§ Action item
From the entries below, reproduce exactly the lines from the one with "Schutzfolie(für 2x ProBook" through the one with "Photoshoot Tour Adventure in Cinque Terre", both included, without images.

§ Records for this task
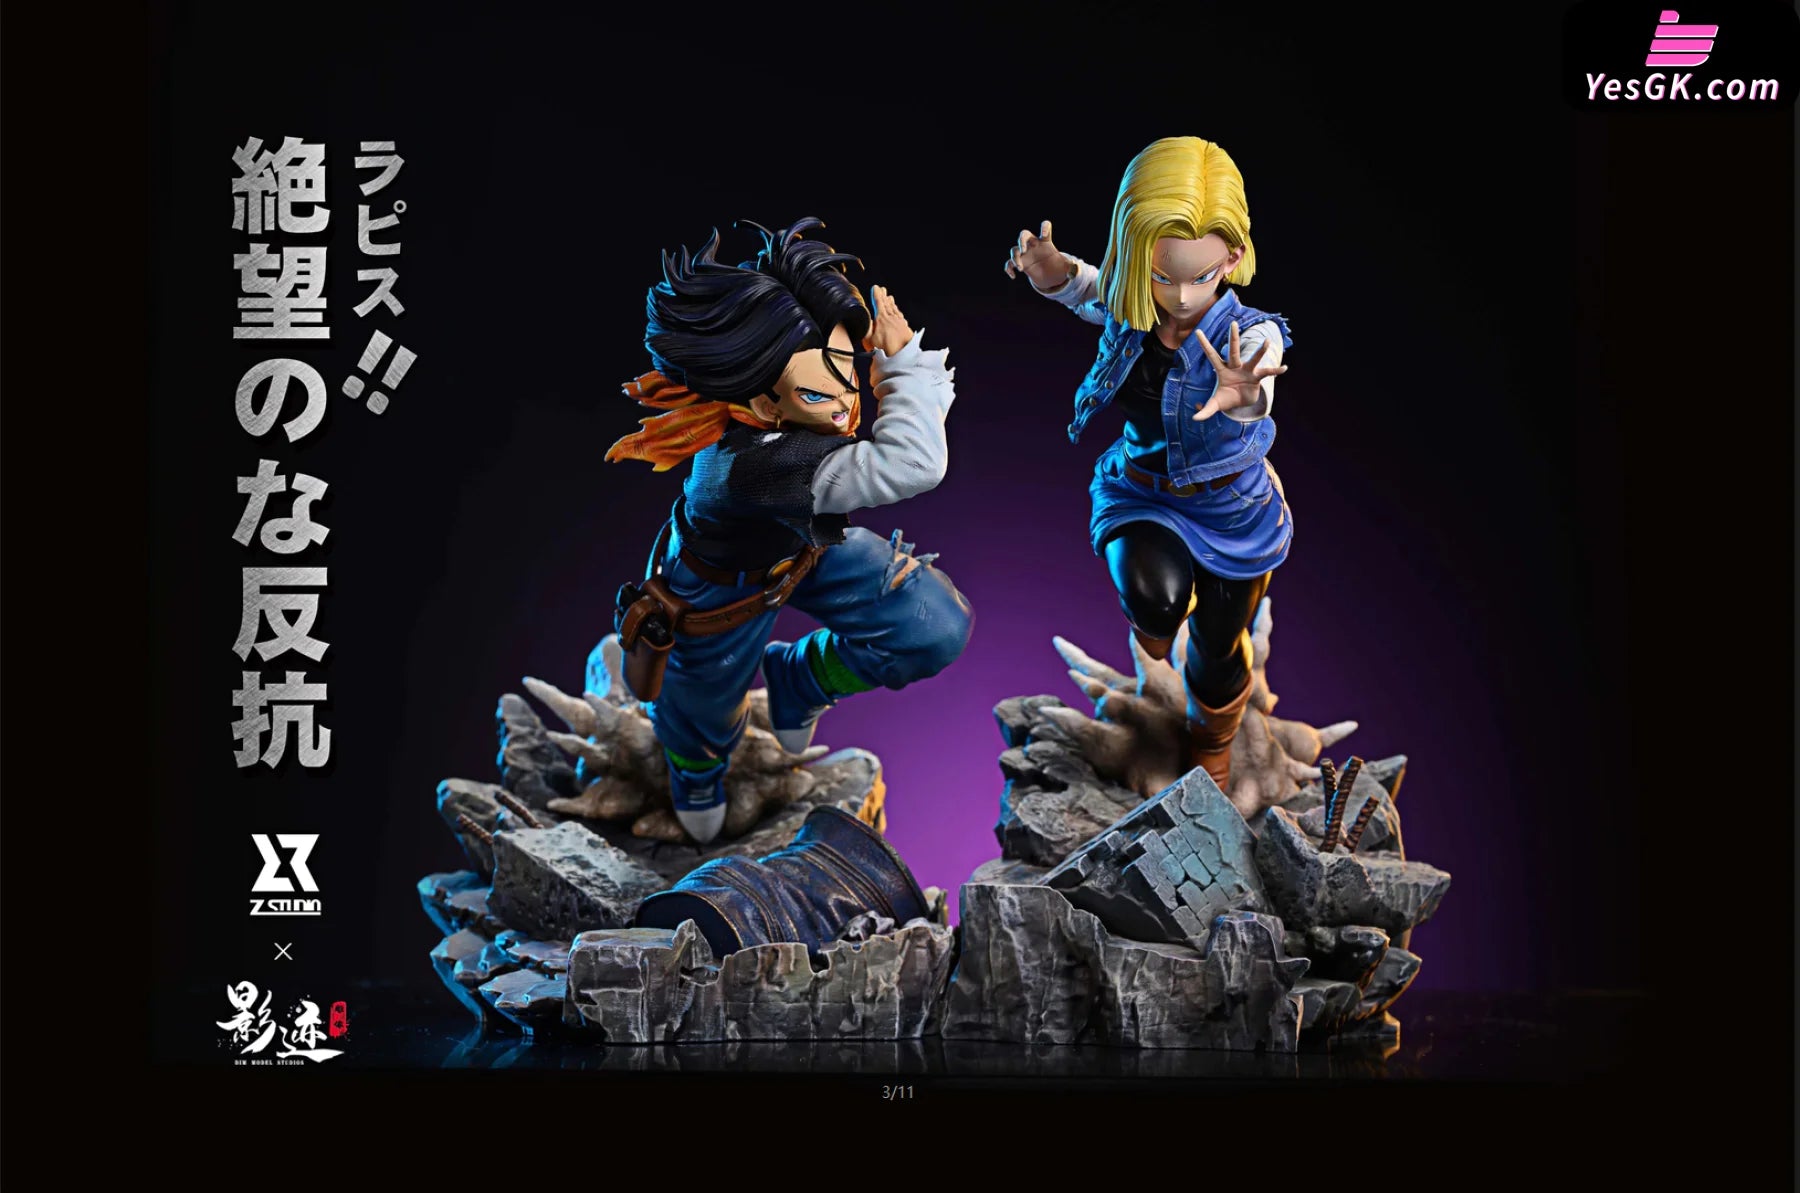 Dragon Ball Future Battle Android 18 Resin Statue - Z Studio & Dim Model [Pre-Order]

---

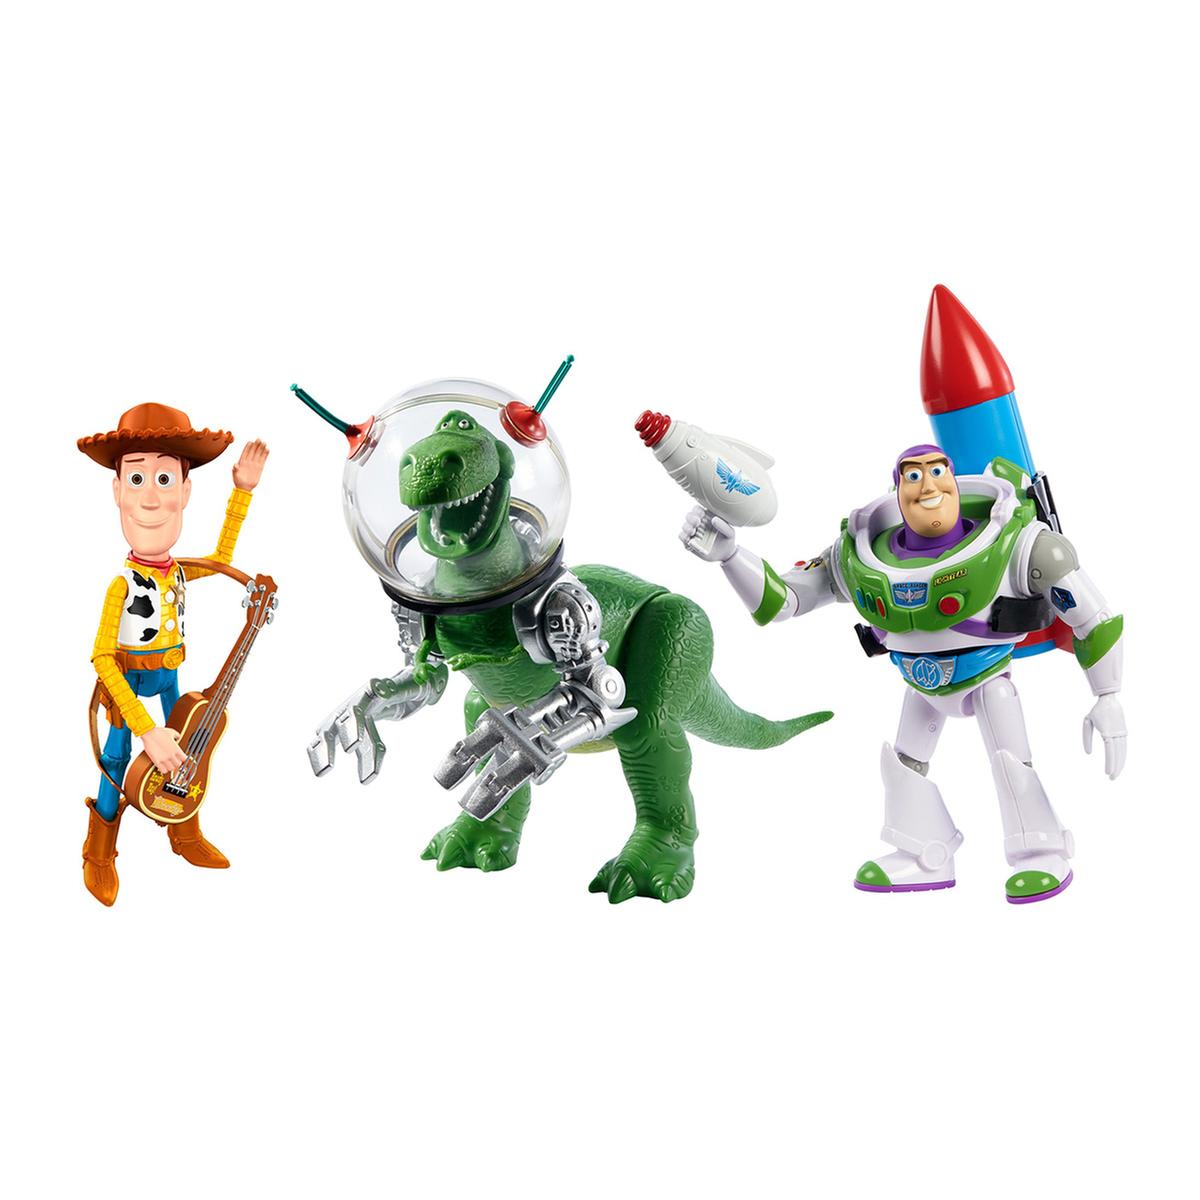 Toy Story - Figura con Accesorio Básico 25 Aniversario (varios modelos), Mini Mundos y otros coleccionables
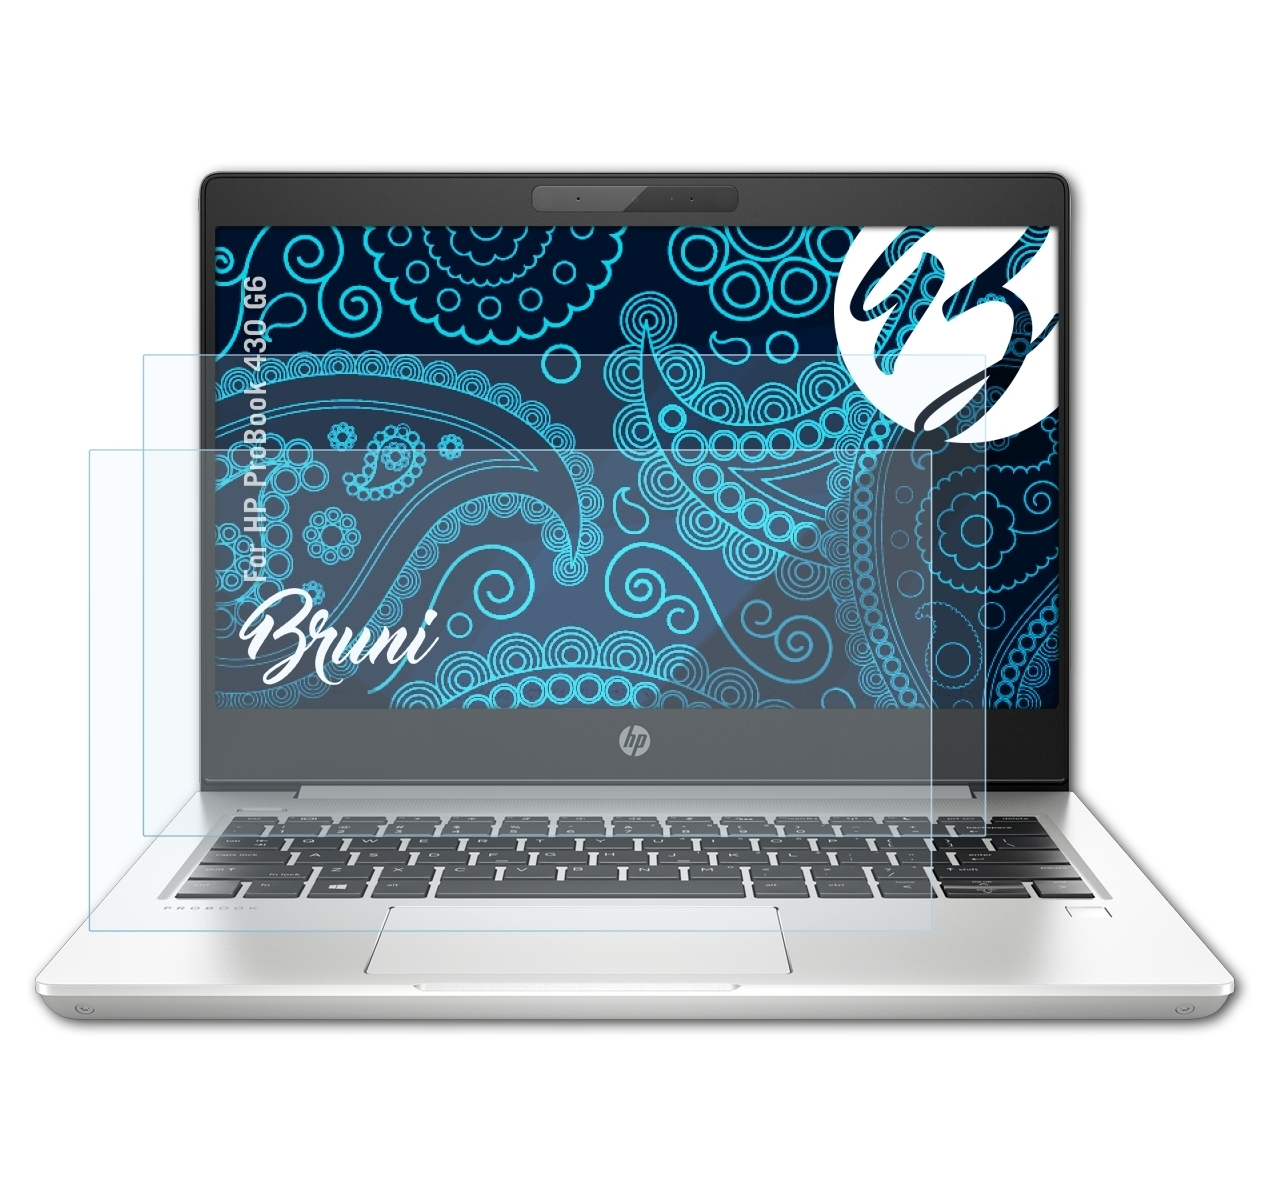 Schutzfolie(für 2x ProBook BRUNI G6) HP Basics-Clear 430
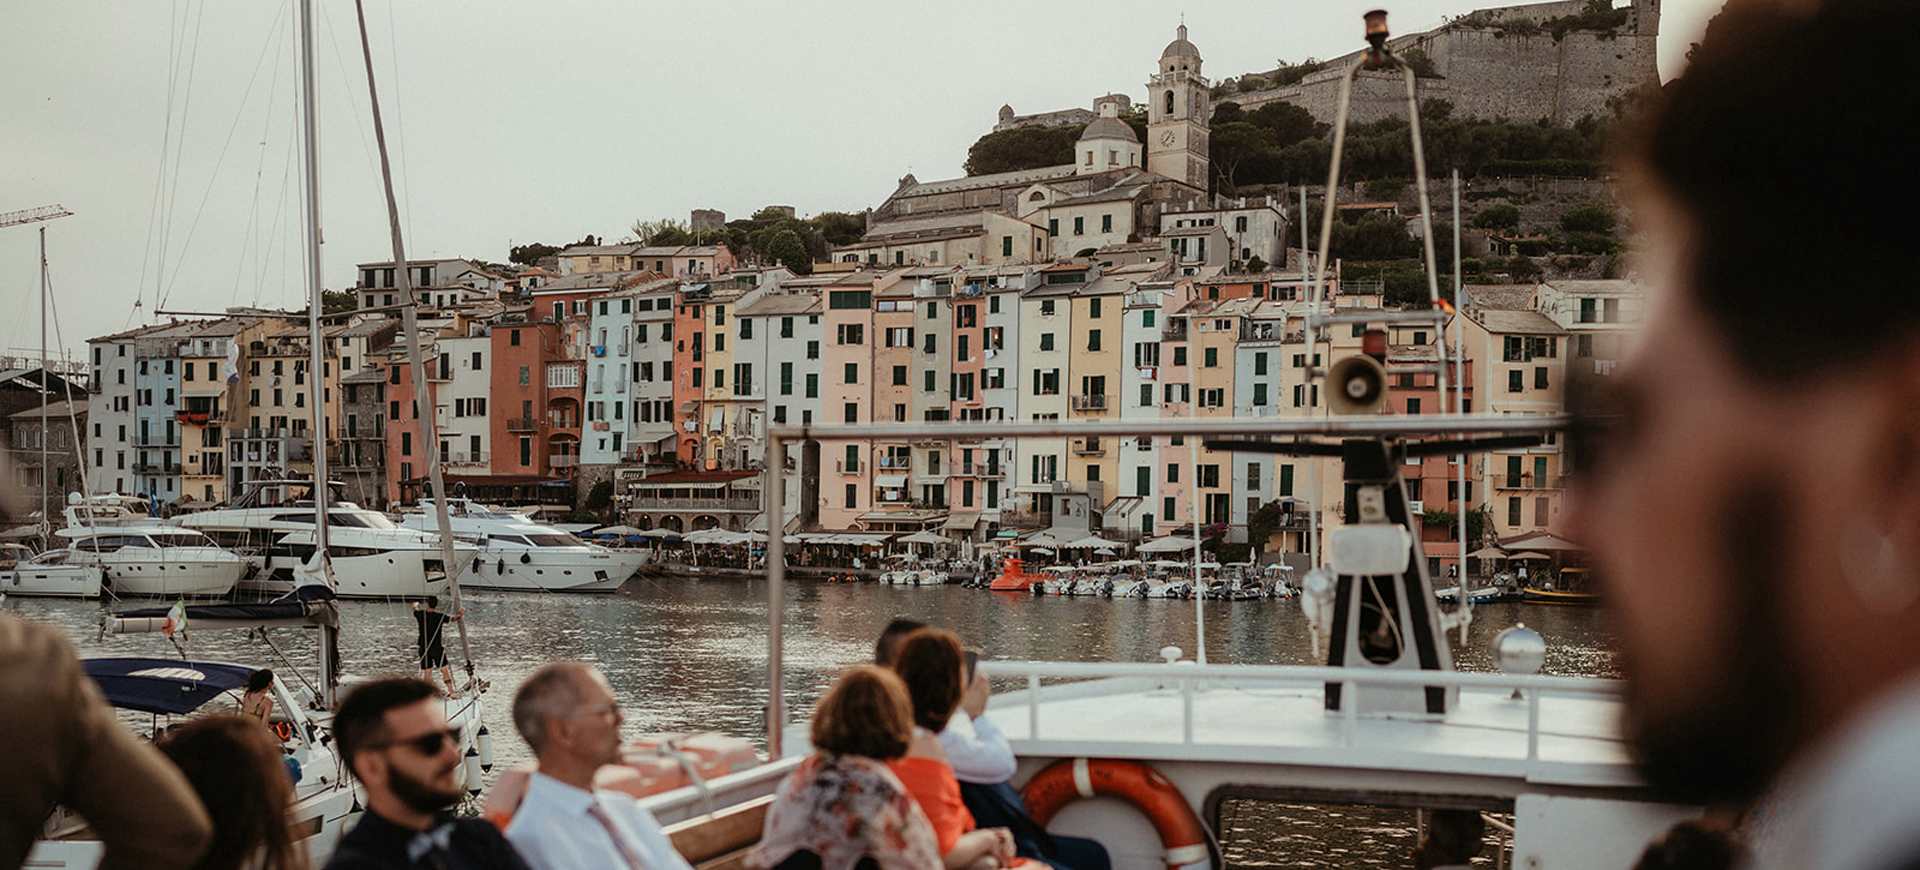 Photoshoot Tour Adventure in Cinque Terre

§ Solution for this problem
 Schutzfolie(für 2x ProBook BRUNI G6) HP Basics-Clear 430
 Photoshoot Tour Adventure in Cinque Terre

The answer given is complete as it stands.